Write out the data below exactly, beginning with the first line and ending once the line that has "出典:http://wear.jp/yuko3776/5844619/" is written.

RECORDS FOR THIS EXERCISE:
:::

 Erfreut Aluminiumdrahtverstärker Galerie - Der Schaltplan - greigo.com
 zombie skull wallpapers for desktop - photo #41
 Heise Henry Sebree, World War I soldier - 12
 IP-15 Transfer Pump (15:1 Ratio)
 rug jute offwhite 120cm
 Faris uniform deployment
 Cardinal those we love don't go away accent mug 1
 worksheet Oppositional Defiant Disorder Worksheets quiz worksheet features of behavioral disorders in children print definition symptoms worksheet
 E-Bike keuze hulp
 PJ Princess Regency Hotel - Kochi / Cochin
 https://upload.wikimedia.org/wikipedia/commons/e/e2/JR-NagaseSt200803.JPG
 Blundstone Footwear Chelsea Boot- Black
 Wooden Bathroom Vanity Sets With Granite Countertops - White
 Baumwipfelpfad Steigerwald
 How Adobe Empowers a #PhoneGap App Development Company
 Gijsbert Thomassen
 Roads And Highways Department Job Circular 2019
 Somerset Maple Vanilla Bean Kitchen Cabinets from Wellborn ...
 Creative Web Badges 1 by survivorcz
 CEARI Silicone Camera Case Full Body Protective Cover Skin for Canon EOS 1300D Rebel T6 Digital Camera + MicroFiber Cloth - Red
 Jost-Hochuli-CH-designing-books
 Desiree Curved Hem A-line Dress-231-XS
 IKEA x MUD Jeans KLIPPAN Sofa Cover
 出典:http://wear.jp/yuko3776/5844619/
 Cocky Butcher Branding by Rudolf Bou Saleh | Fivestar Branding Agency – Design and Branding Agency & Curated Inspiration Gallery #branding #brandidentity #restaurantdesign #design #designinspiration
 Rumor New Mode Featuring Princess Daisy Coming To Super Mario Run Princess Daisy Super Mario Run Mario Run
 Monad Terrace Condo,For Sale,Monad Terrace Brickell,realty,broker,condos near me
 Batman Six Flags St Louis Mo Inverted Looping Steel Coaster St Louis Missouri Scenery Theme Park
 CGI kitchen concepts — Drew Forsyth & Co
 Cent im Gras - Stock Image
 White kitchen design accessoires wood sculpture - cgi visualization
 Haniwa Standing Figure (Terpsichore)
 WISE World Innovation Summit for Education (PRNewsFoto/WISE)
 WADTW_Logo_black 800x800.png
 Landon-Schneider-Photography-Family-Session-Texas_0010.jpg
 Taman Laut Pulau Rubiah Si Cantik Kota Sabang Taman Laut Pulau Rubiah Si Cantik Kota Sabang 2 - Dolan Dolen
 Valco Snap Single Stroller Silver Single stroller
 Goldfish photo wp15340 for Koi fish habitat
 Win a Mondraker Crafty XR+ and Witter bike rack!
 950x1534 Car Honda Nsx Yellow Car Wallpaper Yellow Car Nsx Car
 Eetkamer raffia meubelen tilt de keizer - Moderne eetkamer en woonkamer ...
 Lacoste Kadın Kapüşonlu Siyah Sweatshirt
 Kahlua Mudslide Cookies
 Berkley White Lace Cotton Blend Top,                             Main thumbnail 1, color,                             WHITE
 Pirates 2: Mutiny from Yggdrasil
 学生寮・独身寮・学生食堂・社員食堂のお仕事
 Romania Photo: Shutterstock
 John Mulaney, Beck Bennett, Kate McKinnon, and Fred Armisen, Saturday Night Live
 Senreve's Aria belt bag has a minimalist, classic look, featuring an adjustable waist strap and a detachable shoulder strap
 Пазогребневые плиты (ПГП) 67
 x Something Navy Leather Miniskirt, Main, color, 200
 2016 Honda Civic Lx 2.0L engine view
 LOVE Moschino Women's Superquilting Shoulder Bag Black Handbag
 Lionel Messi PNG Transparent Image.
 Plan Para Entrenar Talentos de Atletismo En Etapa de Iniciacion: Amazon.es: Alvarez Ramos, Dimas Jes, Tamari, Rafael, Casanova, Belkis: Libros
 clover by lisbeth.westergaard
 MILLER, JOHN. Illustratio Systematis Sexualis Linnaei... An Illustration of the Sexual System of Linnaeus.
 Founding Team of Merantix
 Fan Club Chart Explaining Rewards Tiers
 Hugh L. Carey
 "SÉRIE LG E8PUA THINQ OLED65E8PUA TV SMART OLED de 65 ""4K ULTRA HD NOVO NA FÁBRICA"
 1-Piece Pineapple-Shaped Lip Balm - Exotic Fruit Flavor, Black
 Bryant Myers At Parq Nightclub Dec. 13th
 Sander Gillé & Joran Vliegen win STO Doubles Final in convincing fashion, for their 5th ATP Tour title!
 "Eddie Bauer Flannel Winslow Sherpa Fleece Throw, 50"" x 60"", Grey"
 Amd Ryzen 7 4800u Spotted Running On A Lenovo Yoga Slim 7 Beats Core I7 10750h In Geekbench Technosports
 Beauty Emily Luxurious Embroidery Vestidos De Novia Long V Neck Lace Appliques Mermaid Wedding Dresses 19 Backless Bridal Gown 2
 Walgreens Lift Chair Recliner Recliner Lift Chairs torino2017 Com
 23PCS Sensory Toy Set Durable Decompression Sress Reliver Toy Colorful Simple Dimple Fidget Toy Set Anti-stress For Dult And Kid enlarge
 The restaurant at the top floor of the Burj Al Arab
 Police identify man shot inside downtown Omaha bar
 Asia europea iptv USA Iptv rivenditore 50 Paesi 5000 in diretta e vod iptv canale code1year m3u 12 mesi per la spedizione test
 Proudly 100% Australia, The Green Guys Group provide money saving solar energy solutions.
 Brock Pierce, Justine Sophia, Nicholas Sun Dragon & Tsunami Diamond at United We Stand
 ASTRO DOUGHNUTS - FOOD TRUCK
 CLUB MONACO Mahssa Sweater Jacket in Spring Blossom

:::

SOLUTION BELOW:
 Erfreut Aluminiumdrahtverstärker Galerie - Der Schaltplan - greigo.com
 zombie skull wallpapers for desktop - photo #41
 Heise Henry Sebree, World War I soldier - 12
 IP-15 Transfer Pump (15:1 Ratio)
 rug jute offwhite 120cm
 Faris uniform deployment
 Cardinal those we love don't go away accent mug 1
 worksheet Oppositional Defiant Disorder Worksheets quiz worksheet features of behavioral disorders in children print definition symptoms worksheet
 E-Bike keuze hulp
 PJ Princess Regency Hotel - Kochi / Cochin
 https://upload.wikimedia.org/wikipedia/commons/e/e2/JR-NagaseSt200803.JPG
 Blundstone Footwear Chelsea Boot- Black
 Wooden Bathroom Vanity Sets With Granite Countertops - White
 Baumwipfelpfad Steigerwald
 How Adobe Empowers a #PhoneGap App Development Company
 Gijsbert Thomassen
 Roads And Highways Department Job Circular 2019
 Somerset Maple Vanilla Bean Kitchen Cabinets from Wellborn ...
 Creative Web Badges 1 by survivorcz
 CEARI Silicone Camera Case Full Body Protective Cover Skin for Canon EOS 1300D Rebel T6 Digital Camera + MicroFiber Cloth - Red
 Jost-Hochuli-CH-designing-books
 Desiree Curved Hem A-line Dress-231-XS
 IKEA x MUD Jeans KLIPPAN Sofa Cover
 出典:http://wear.jp/yuko3776/5844619/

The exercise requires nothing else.